- _Stored data_
--- START ---

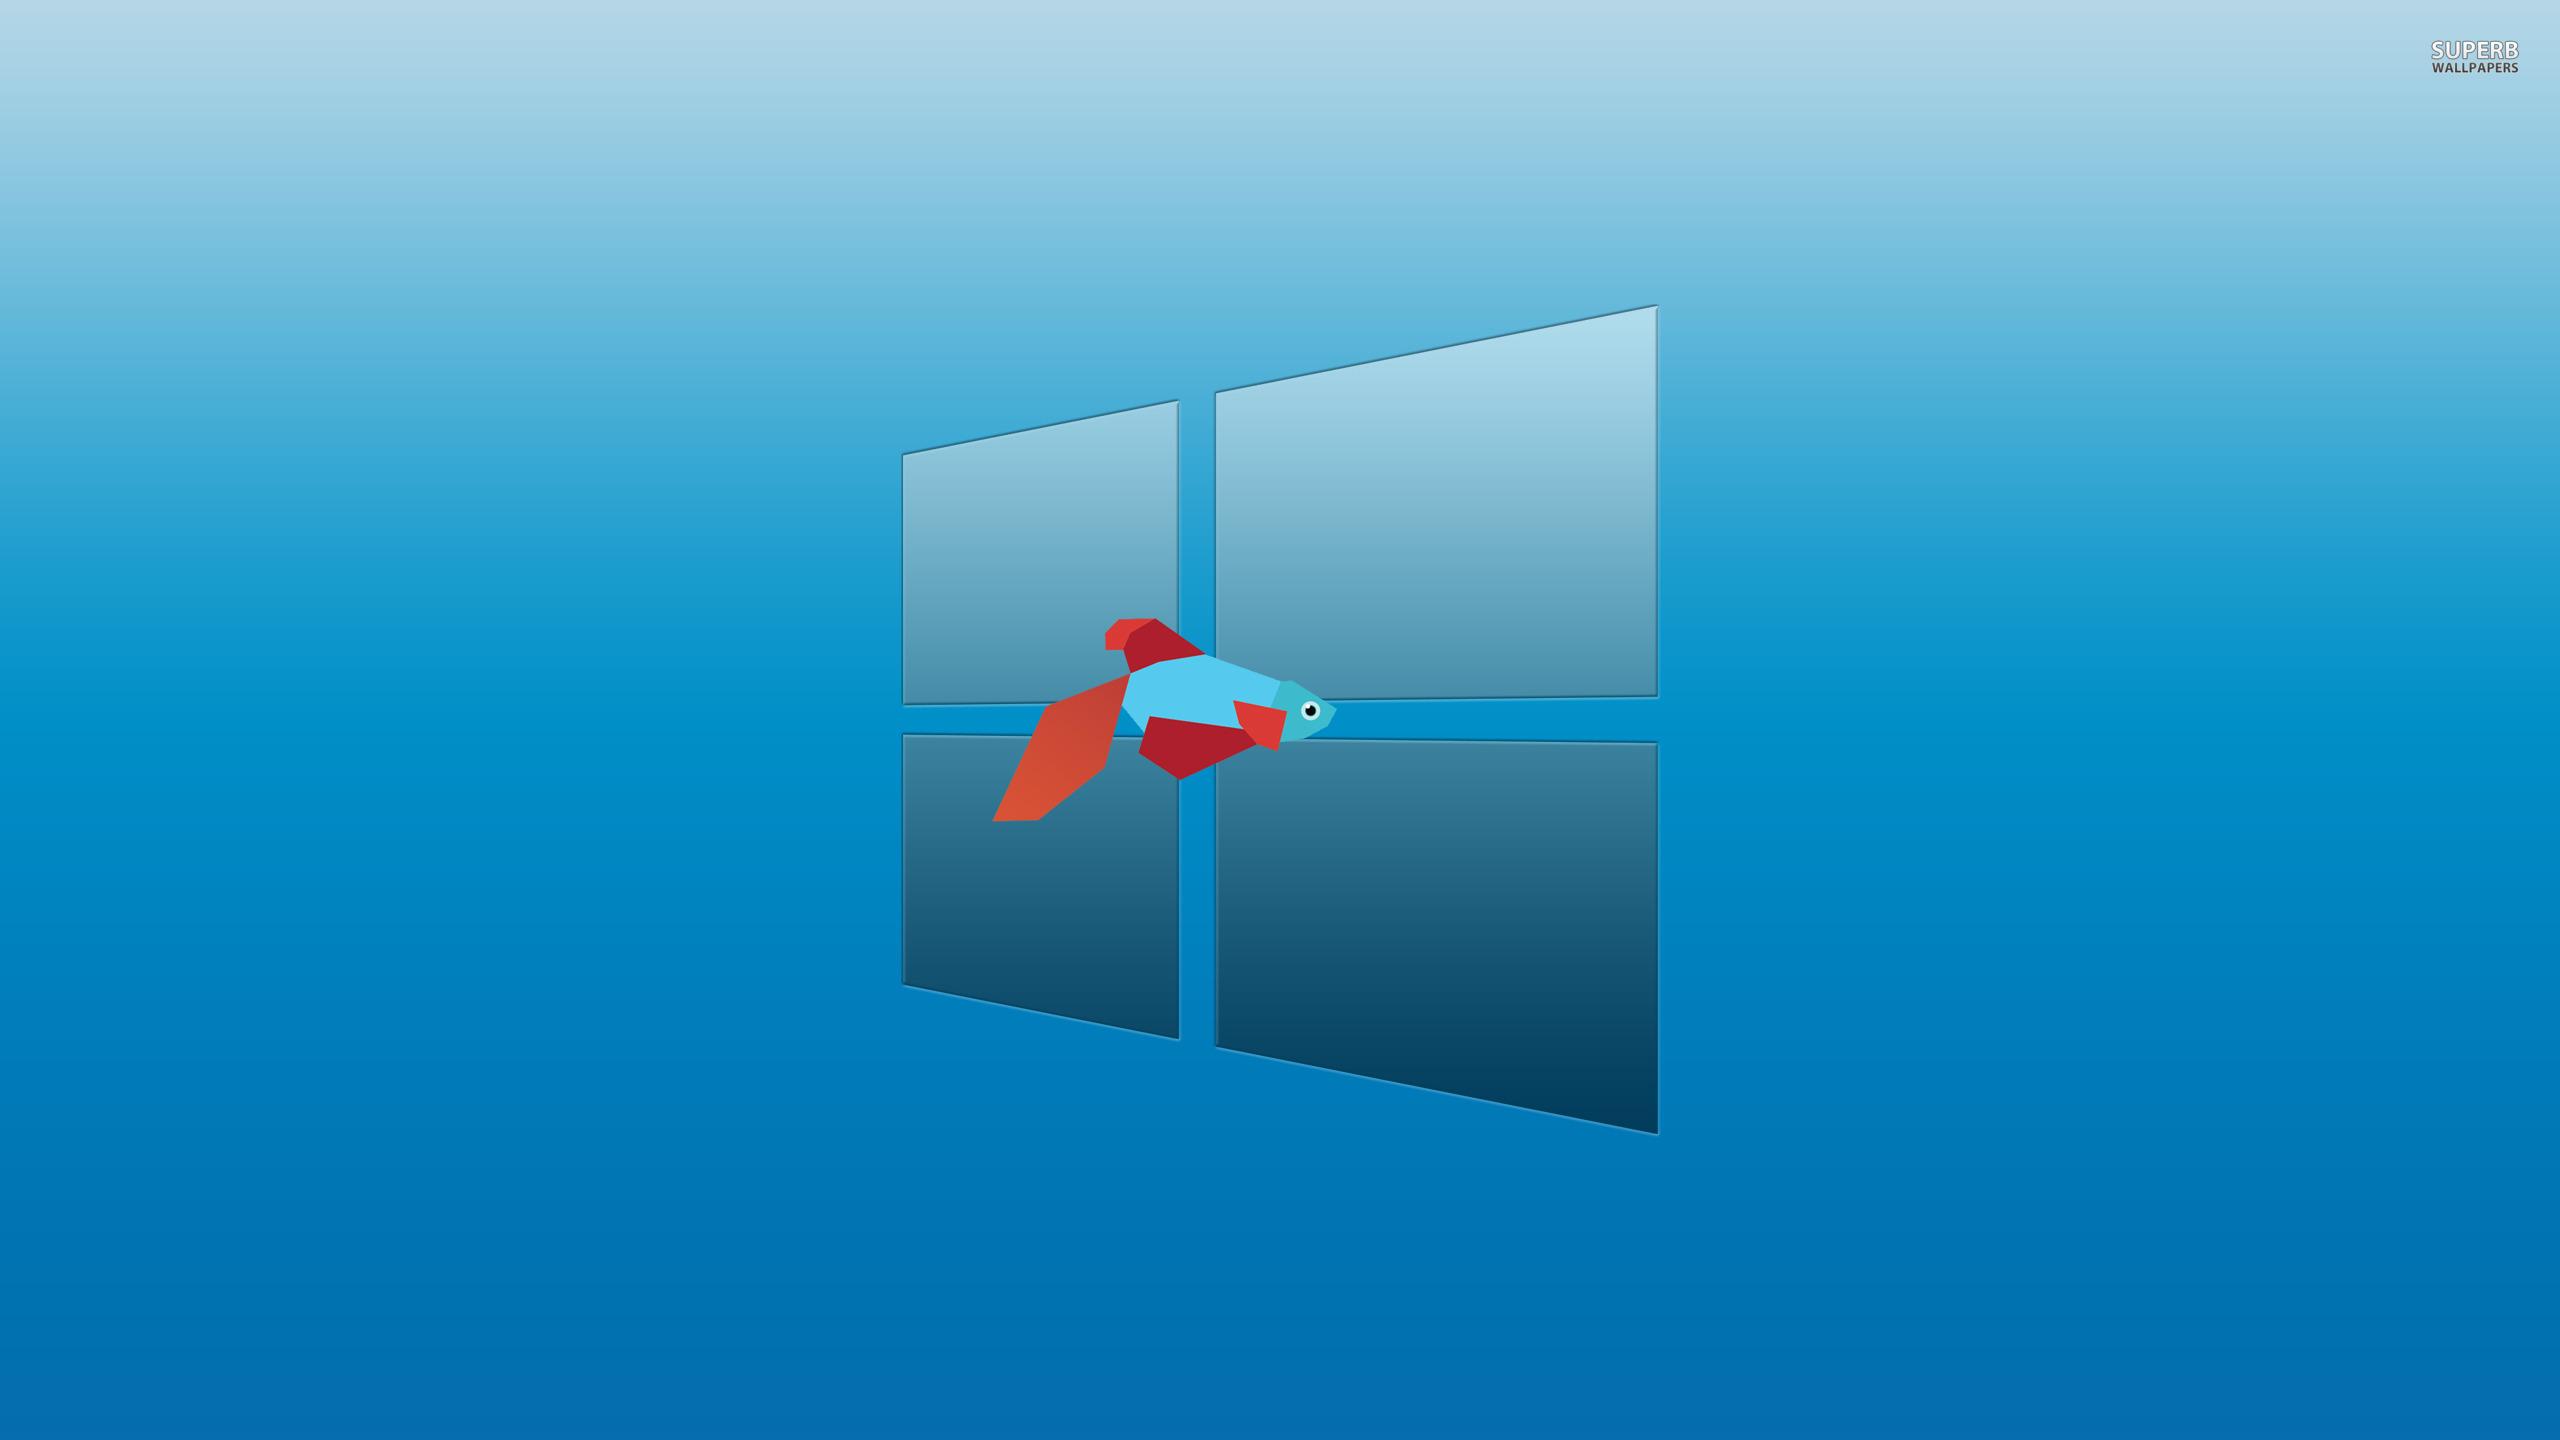 Wallpapers For Windows Desktop Wallpaper 2560x1440
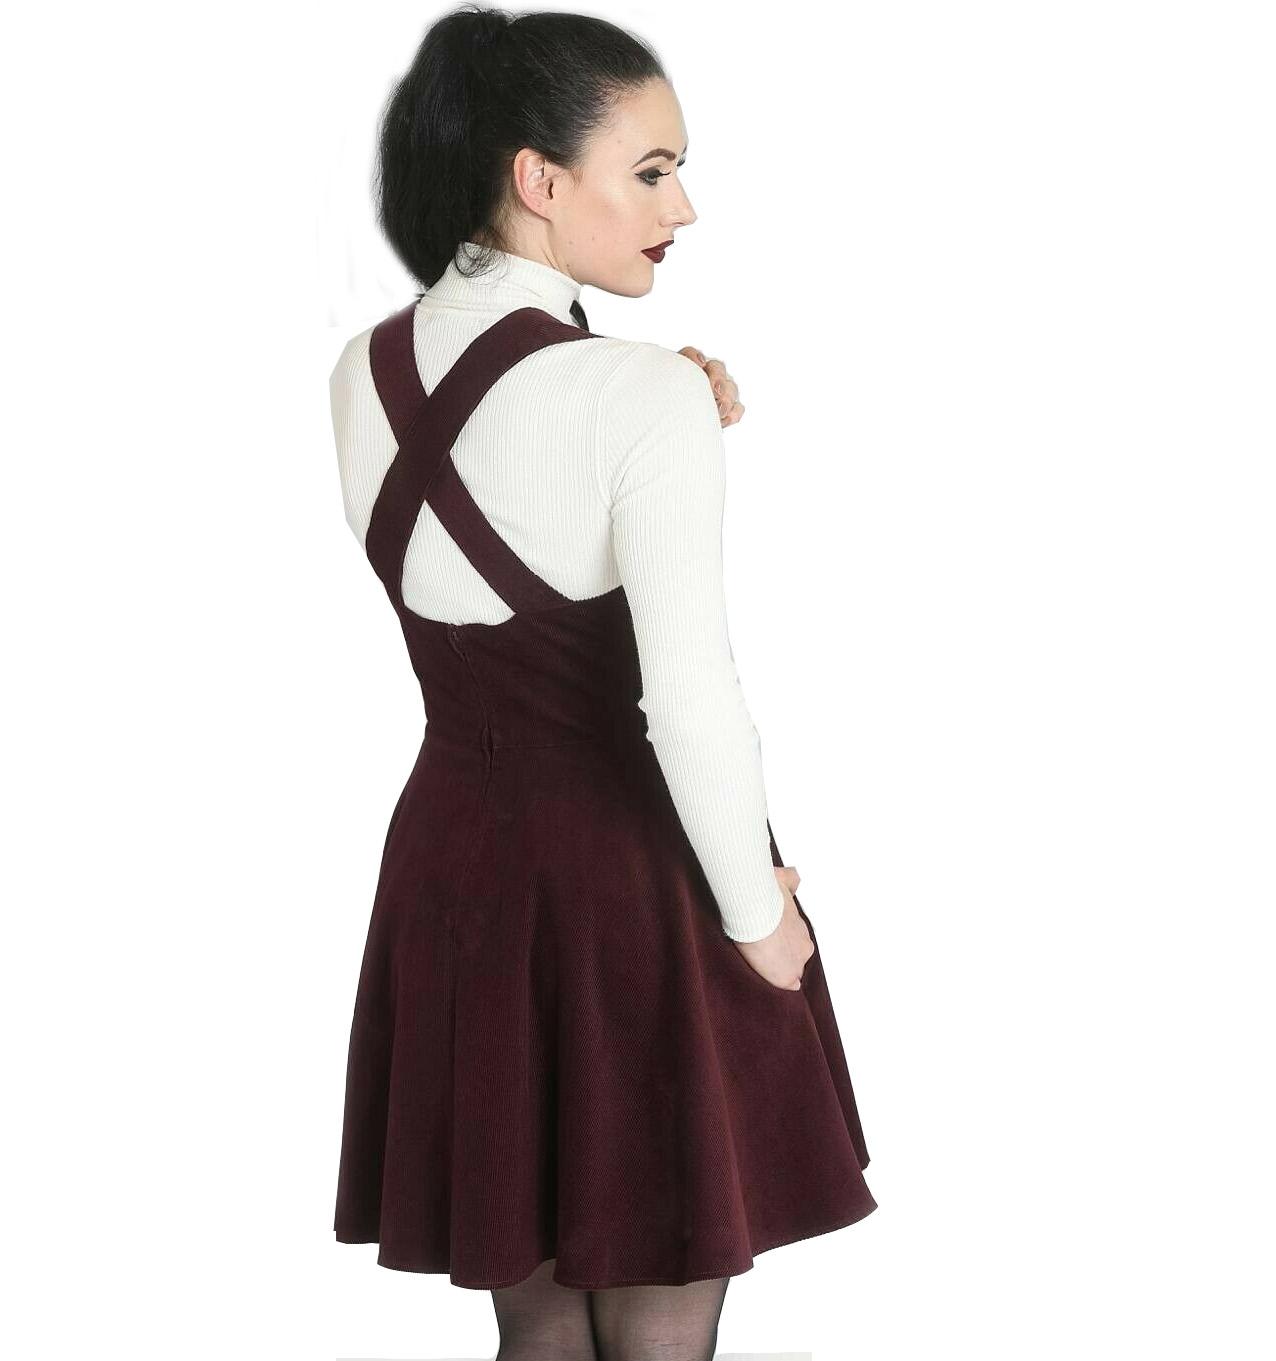 Hell-Bunny-Rockabilly-Corduroy-Mini-Dress-WONDER-YEARS-Pinafore-Wine-All-Sizes thumbnail 13
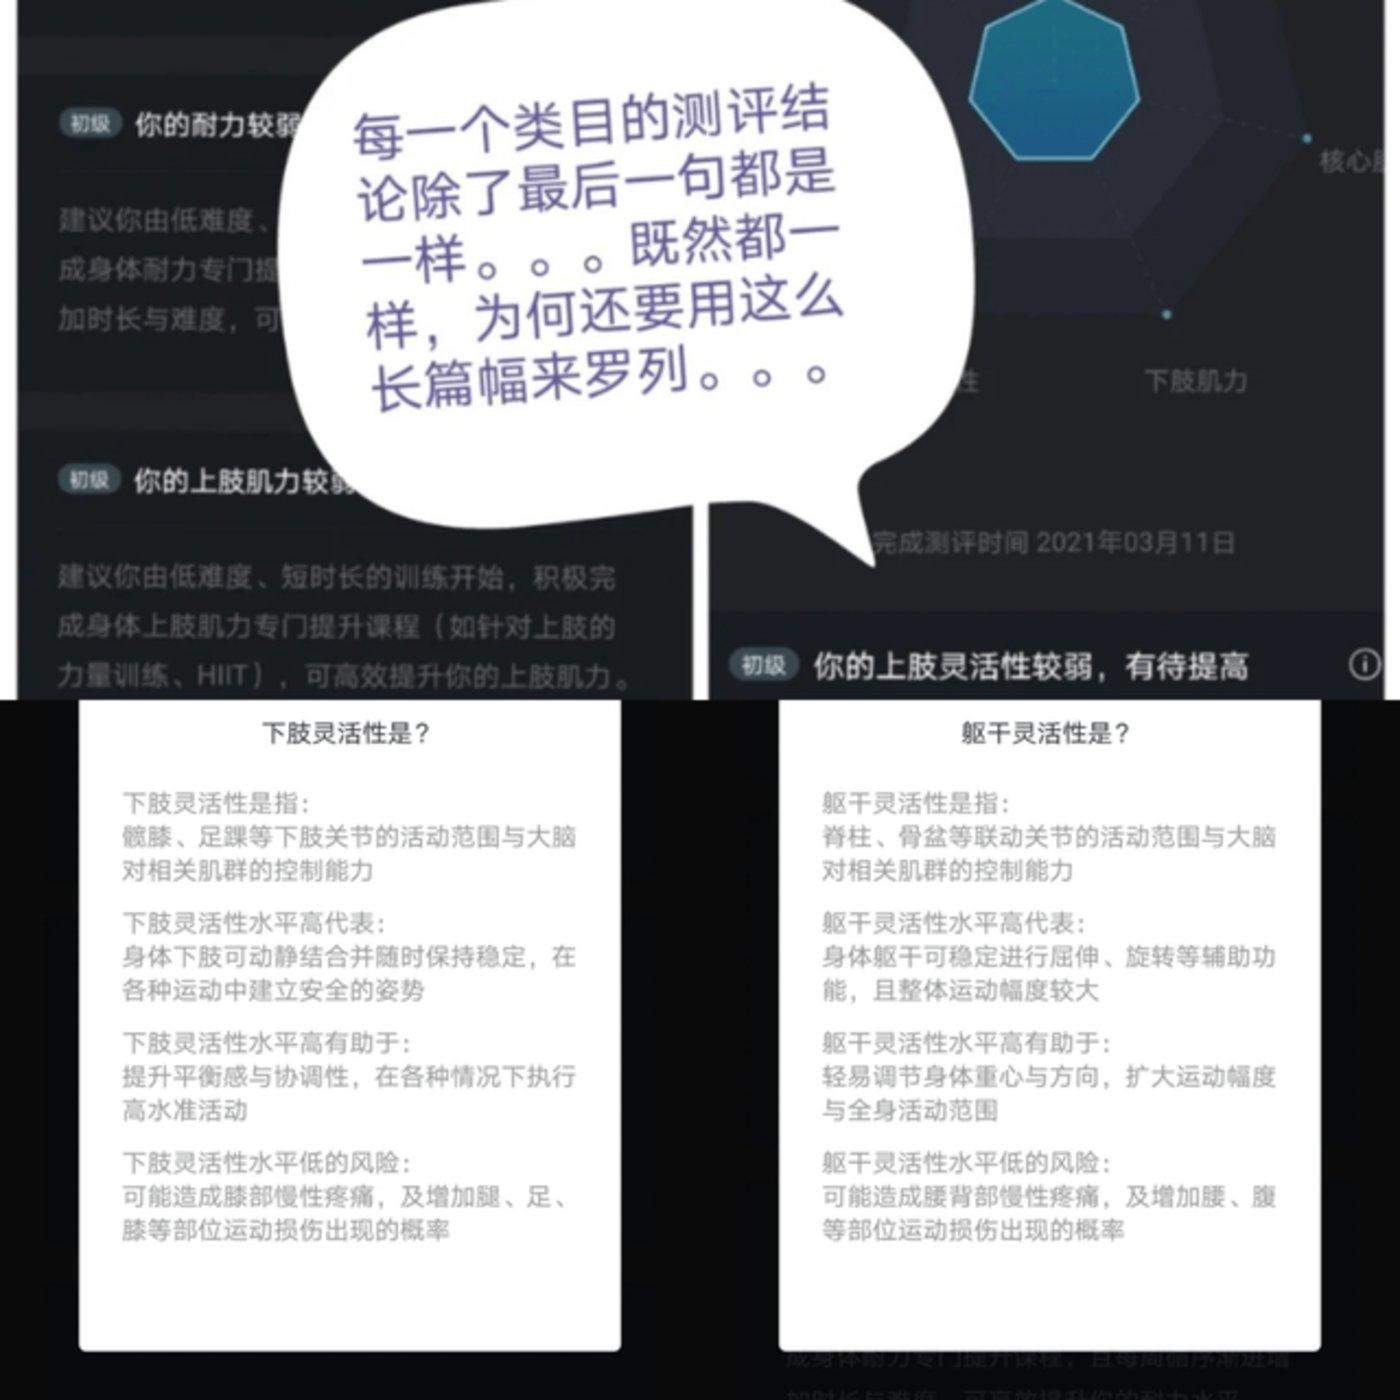 Mack发布的FITURE魔镜AI评测结果 图源 / 小红书
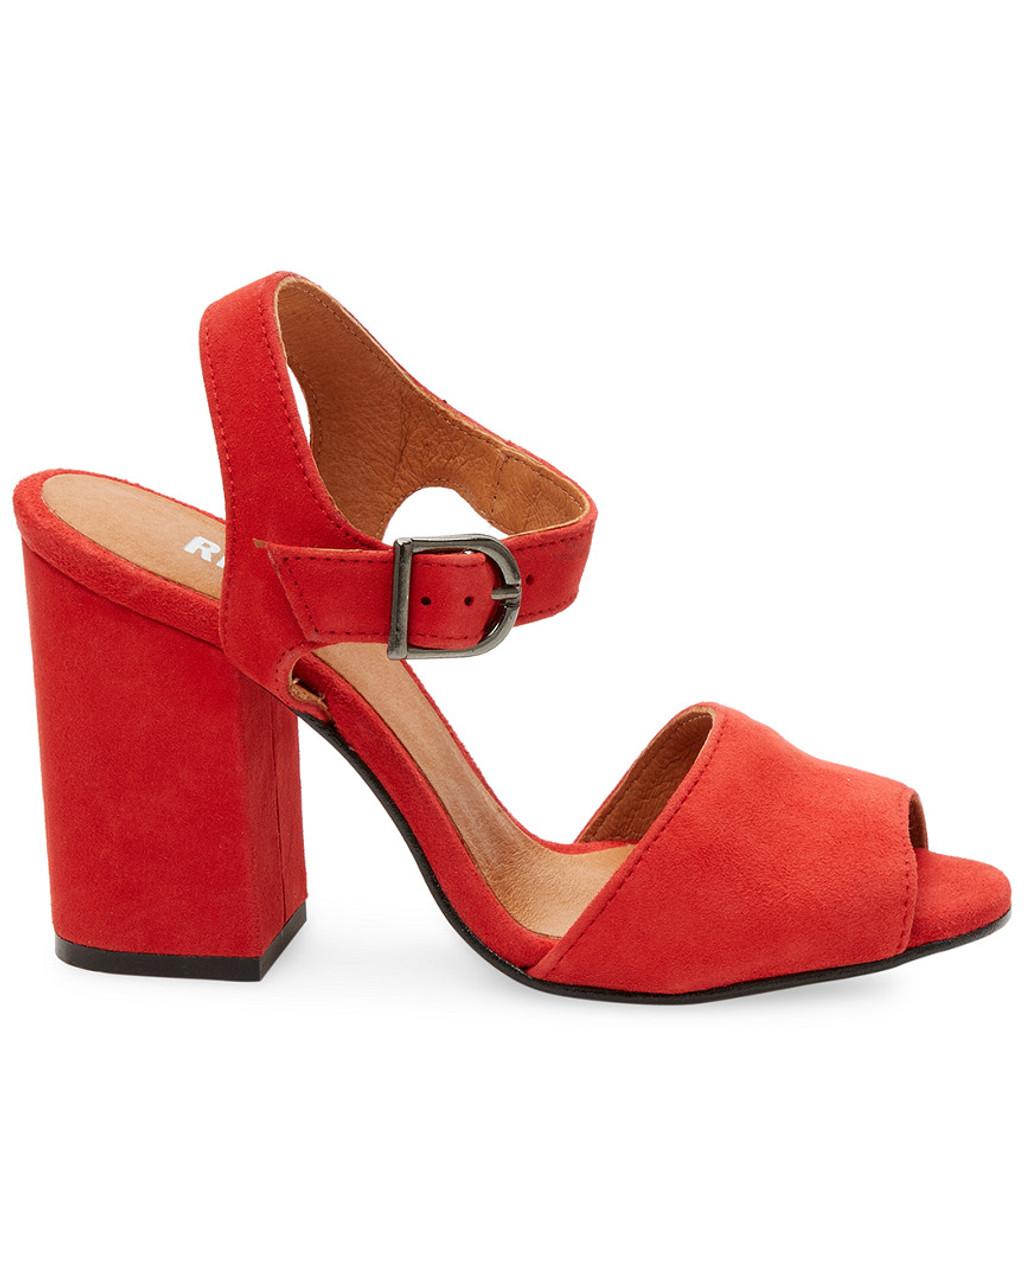 37b26e1f8b0 RENVY Brocade Block Heel Sandal~1311772241 - Boston Store

--- END ---

- _What you need to do_
Output all of the data exactly. Skip the pictures.

- _Written answer_
 Wallpapers For Windows Desktop Wallpaper 2560x1440
 Hell-Bunny-Rockabilly-Corduroy-Mini-Dress-WONDER-YEARS-Pinafore-Wine-All-Sizes thumbnail 13
 Mack发布的FITURE魔镜AI评测结果 图源 / 小红书
 37b26e1f8b0 RENVY Brocade Block Heel Sandal~1311772241 - Boston Store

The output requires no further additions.